At Amsterdam I was asked for my passport, I told the "blue coats" that I had it in my satchel, "You should have it with you," said the German-speaking official. I replied that I had not been aware of that; and as I had not been asked for it either in England, France or Belgium, I had placed it into my satchel, so as not to wear it out in my pockets. I sent the porter to fetch my satchel, took the passport from it, and, after having shown it to the officials, placed it into my pocket again, so that I might have it ready in any emergency. These officers were very accommodating to me afterwards, however, during the time that I waited for the next train for Utrecht. After having had quite a social chat with them, I asked them what they would have done with me if I could not have produced them a passport from the government of my country. "Well," said one of them, "we would have been obliged to subject you to an examination, and if your answers would have satisfied the committee, you would have been allowed to pass on."
Cloak-Rooms.
In connection with the railway stations, wherever I traveled in Europe, there are "cloak-rooms," in which the baggage of the travelers is stored away. It costs 1 to 2 cents to have a package, parcel, umbrella or satchel deposited into one of these, and then the depositor receives a receipt or check for his luggage, which he must present when he wishes to have it again. But Holland offers none of these excellent accommodations, else I would have spent a day more among these Flanders. When I came to Amsterdam, I was immediately assailed by a herd of porters, each anxious to take my satchel into charge. It had been my rule to carry it to the cloak-room myself, but here I could not find one! After a vehement struggle with the fierce porters, one of them who could say "Yes," in German, and who nodded his head when I asked him whether he would take it to a cloak-room, took it and carried it into the station, a distance of about fifty feet. But they kept no cloak-room as I observed when it was not placed into a special apartment for the purpose. It did not seem homelike at all to me, so I asked the agent whether he would give me a receipt for it. "Yes, if you satisfy the porter, I will," he answered.

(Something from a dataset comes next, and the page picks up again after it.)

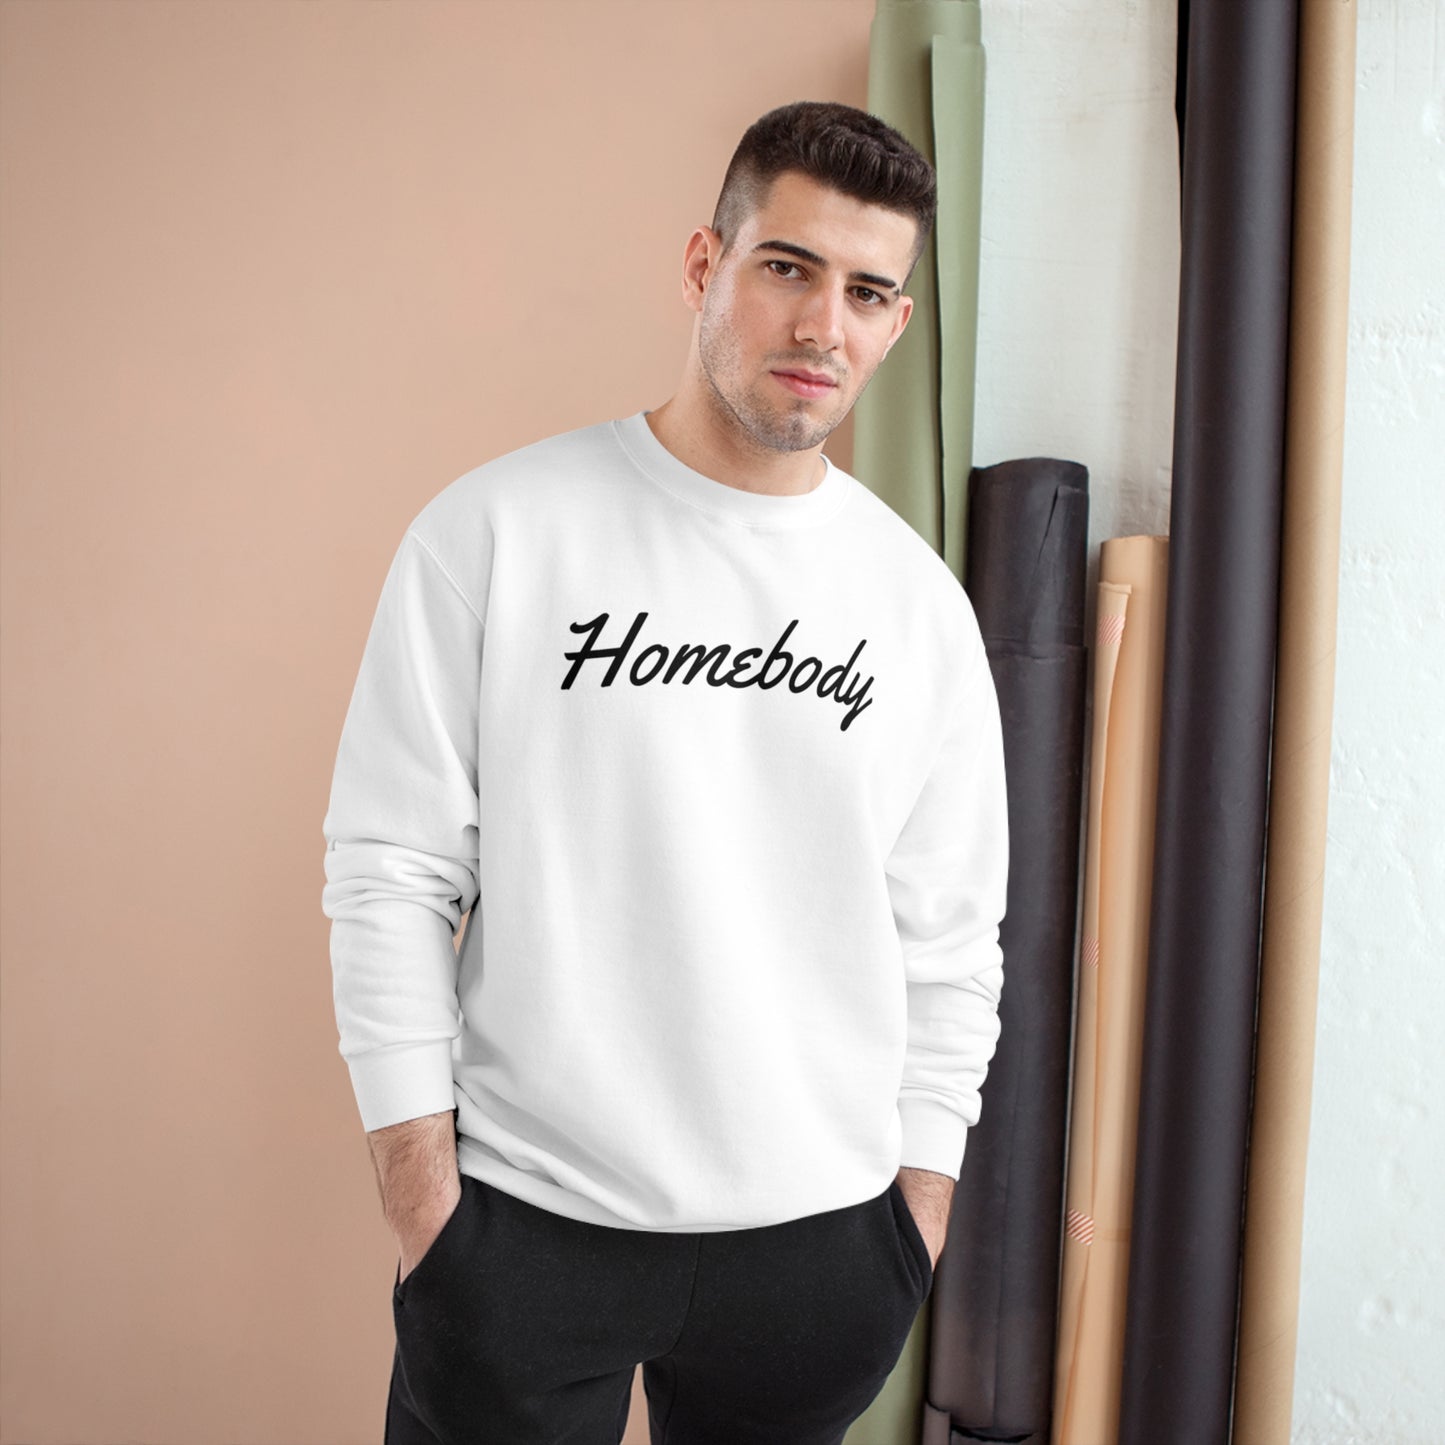 Homebody - Champion Sweatshirt

This reply made me more tired of Amsterdam than anything else, for, thought I, if the agent of the would-be "cloak-room" is a party to such a set of fellows, I must indeed have fallen into pretty bad company. I offered the porter 4 cents, which was twice as much as it cost me in other cities to have my satchel cared for a whole day, but he refused to take it. Being unwilling to become the victim of their extortions, I took my satchel and carried it (almost three fourths of a mile) through town to the Oosterspoorweg on the other side of the city. There I obtained good accommodations. I had asked for lodging while coming through the city, but could not suit myself; so I decided to start that evening with the first train for Utrecht. How different was the social atmosphere of the Oosterspoorweg Station! Not only were the porters and the officers civil, but there was an excellent restaurant connected with it, and the waiting-girls of the coffee-room were tidily dressed in French costume, spoke German, and were social, polite and accommodating.
At 9:30, I left by train for Utrecht, which I reached at 10:35 p.m. The station was a new and spacious one and the accommodations were again like those which I had been accustomed to, before I saw Holland; so I felt quite at home again.
Utrecht.
It is entirely wrong for the tourist to come into a strange city late at night, but I could not avoid it this time on account of my sudden determination in Amsterdam not to spend the night there, as had been my intention. A clever and kind-hearted gentleman accompanied me through comparatively dark streets, and found a good hotel for me.
The next forenoon I ascended the high tower (469 steps, 321 feet in height). In this tower, at the height of 124 steps, lives the lady custodian of this stupendous building. She must have "high times" up there! The tower is a large square structure affording plenty of room even for several families; but I was thinking that she must have quite a time of it carrying up her water and all the numerous other things necessary to house-keeping.
The view from the top of the tower takes in the greater part of Holland. The country all around is quite level, as far as the eye can see. Level, in Holland, means level. Here one sees the innumerable wind-mills, and the labyrinthic net-work of canals which intersect Holland. An almost boundless expanse of meadow land stretches out in every direction, and affords excellent pasture to the lowing herds that roam upon it. One sees but a few scattered trees, and several small woods, all the rest is clear and bear--no hedge-fences even to interrupt the dull monotony of the scene below. A strong wind, and it was high too, whistled around that lofty tower, reminding me of our winter storms when they whistle over the chimney-tops--a music that often makes melancholy hearts home-sick.
It was exactly 12:00 o'clock, and I was in the middle of the sentence, "How beautiful these bells chime," when a boy motioned me to come quickly to a certain place where I could see the cylinder revolve which communicates with the peal of bells.